Figure 11. Confusion matrix of CNN

The classification report for the CNN, Table 6, indicates a robust performance in differentiating between malignant and benign skin lesions. The model achieved a precision of 0.93 and a recall of 0.96 for malignant cases, demonstrating effective identification of malignant instances while minimizing false positives. For benign lesions, the precision was 0.95 with a recall of 0.91, reflecting reliable performance with a slight trade-off in sensitivity. An overall accuracy of 0.94, alongside consistent macro averages of 0.94 for precision, recall, and F1-score, underscores the potential utility of CNN in clinical dermatological evaluations.

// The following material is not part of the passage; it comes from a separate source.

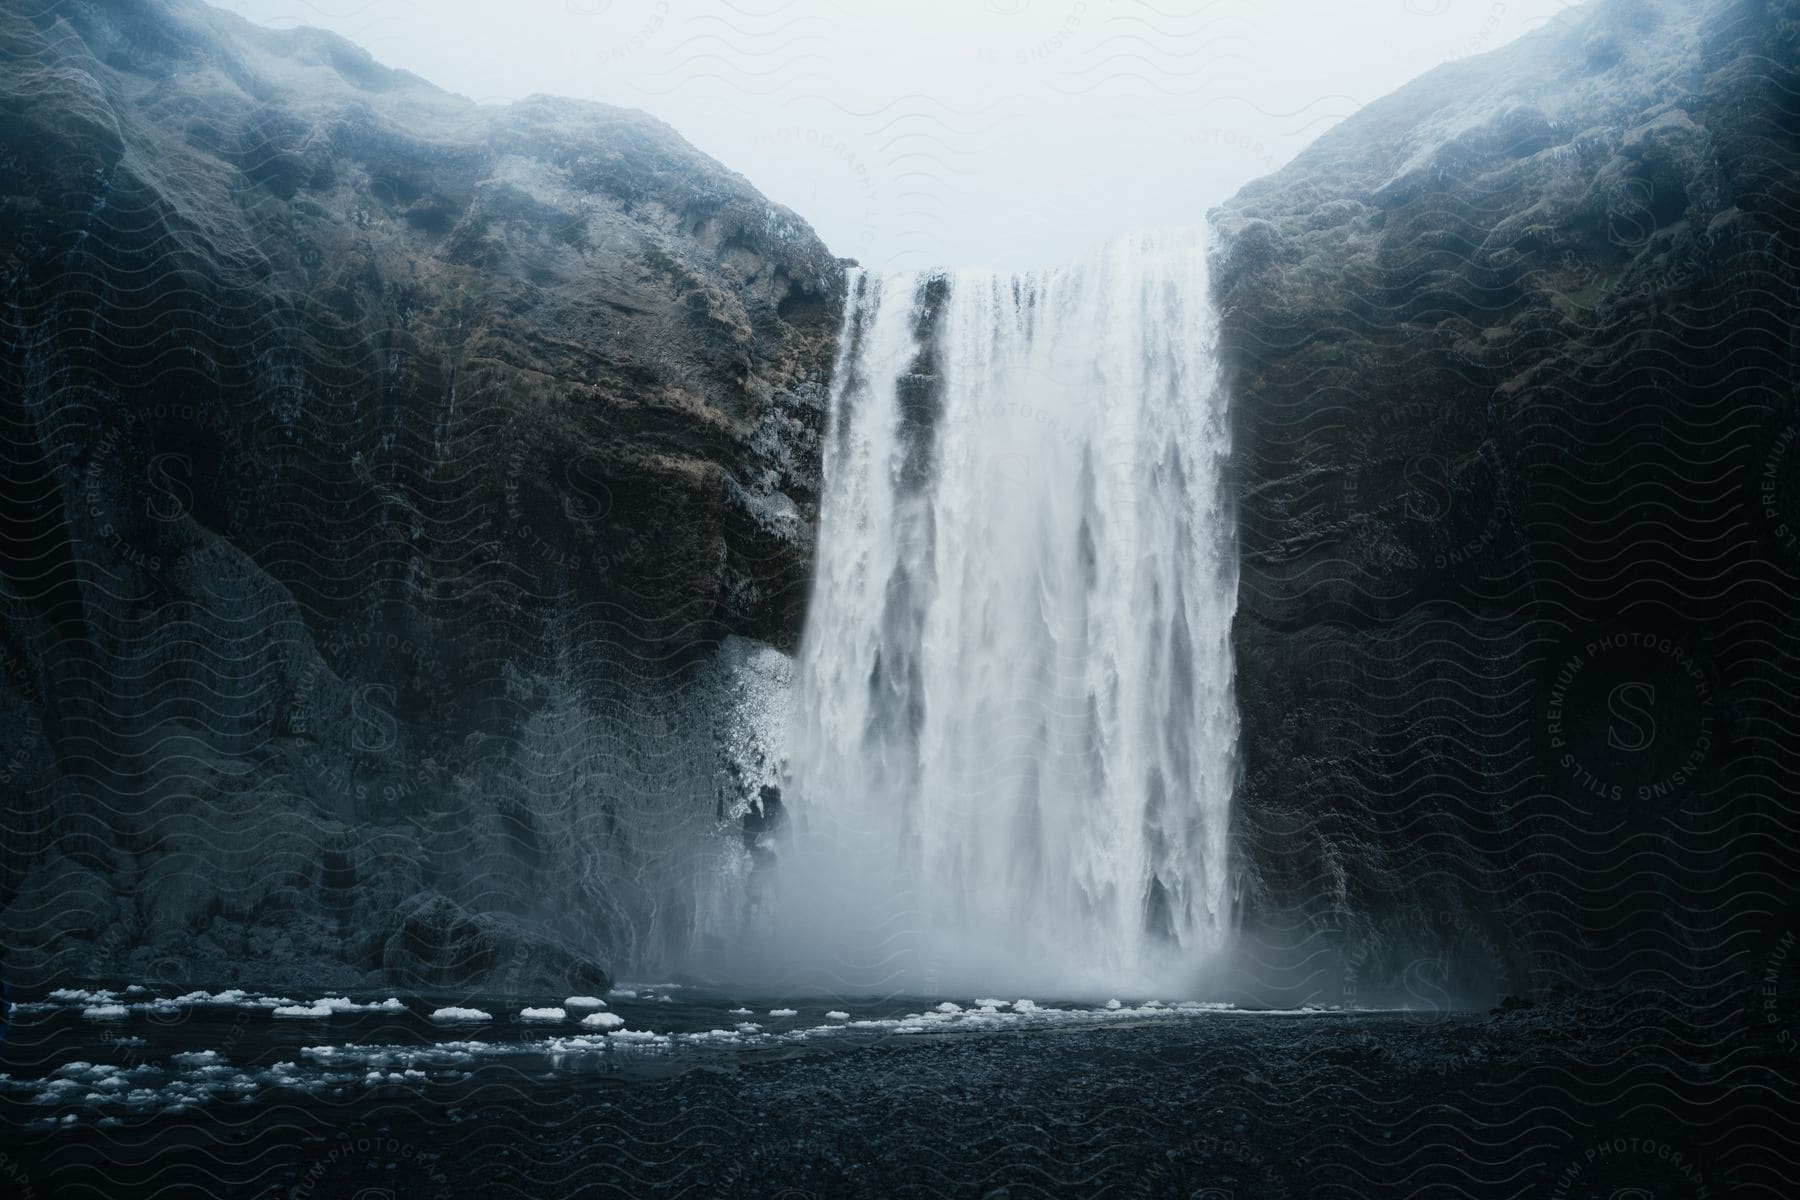 powerful waterfall cascades over a rugged cliff face

Table 6. Classification report of CNN

Class	Precision	Recall	F1-score
Malignant	0.93	0.96	0.94
Benign	0.95	0.91	0.93
Accuracy		0.94
Macro avg	0.94	0.94	0.94

3.6 Prediction results

Figure 12 displays two images of skin lesions and their predicted and true classes. The left image shows a lesion incorrectly predicted to be benign but actually malignant. The right image shows a lesion that was correctly predicted to be benign. These results highlight the importance of accurate skin cancer diagnosis and the potential for machine learning algorithms to assist in this process.

12.png

Figure 12. Prediction results

3.7 Results after SSO

Figure 13 shows the confusion matrix for the MobileNet model after applying SSO, demonstrating its ability to distinguish between malignant and benign cases. The model correctly identified 354 malignant instances (true positives) while misclassifying six malignant cases as benign (false negatives). In addition, it properly identified 209 benign cases, while 11 benign cases were mislabeled as cancer (false positives). Overall, this matrix shows that the MobileNet model detects malignant instances with a high accuracy rate; however, certain misclassifications indicate regions where the model's precision might be improved.

13.png

Figure 13. Confusion matrix of MobileNet after applying SSO

Table 7. Classification report of MobileNet after applying SSO

Class	Precision	Recall	F1-score
Malignant	0.93	0.96	0.94
Benign	0.95	0.91	0.93
Accuracy		0.94
Macro avg	0.94	0.94	0.94

The classification report for the MobileNet model, Table 7, optimized through Salp Swarm Optimization (SSO), demonstrates excellent performance in differentiating between malignant and benign skin lesions. An accuracy of 0.93 and a recall of 0.96 for malignant cases are achieved by the model, which is able to successfully identify almost all of the true positives. It scored 0.95 precision and 0.91 recall for benign lesions. The model's overall accuracy of 0.94, along with macro averages of 0.94 for precision, recall, and F1-score, demonstrates its stability and efficacy, indicating its potential value in clinical skin cancer diagnosis.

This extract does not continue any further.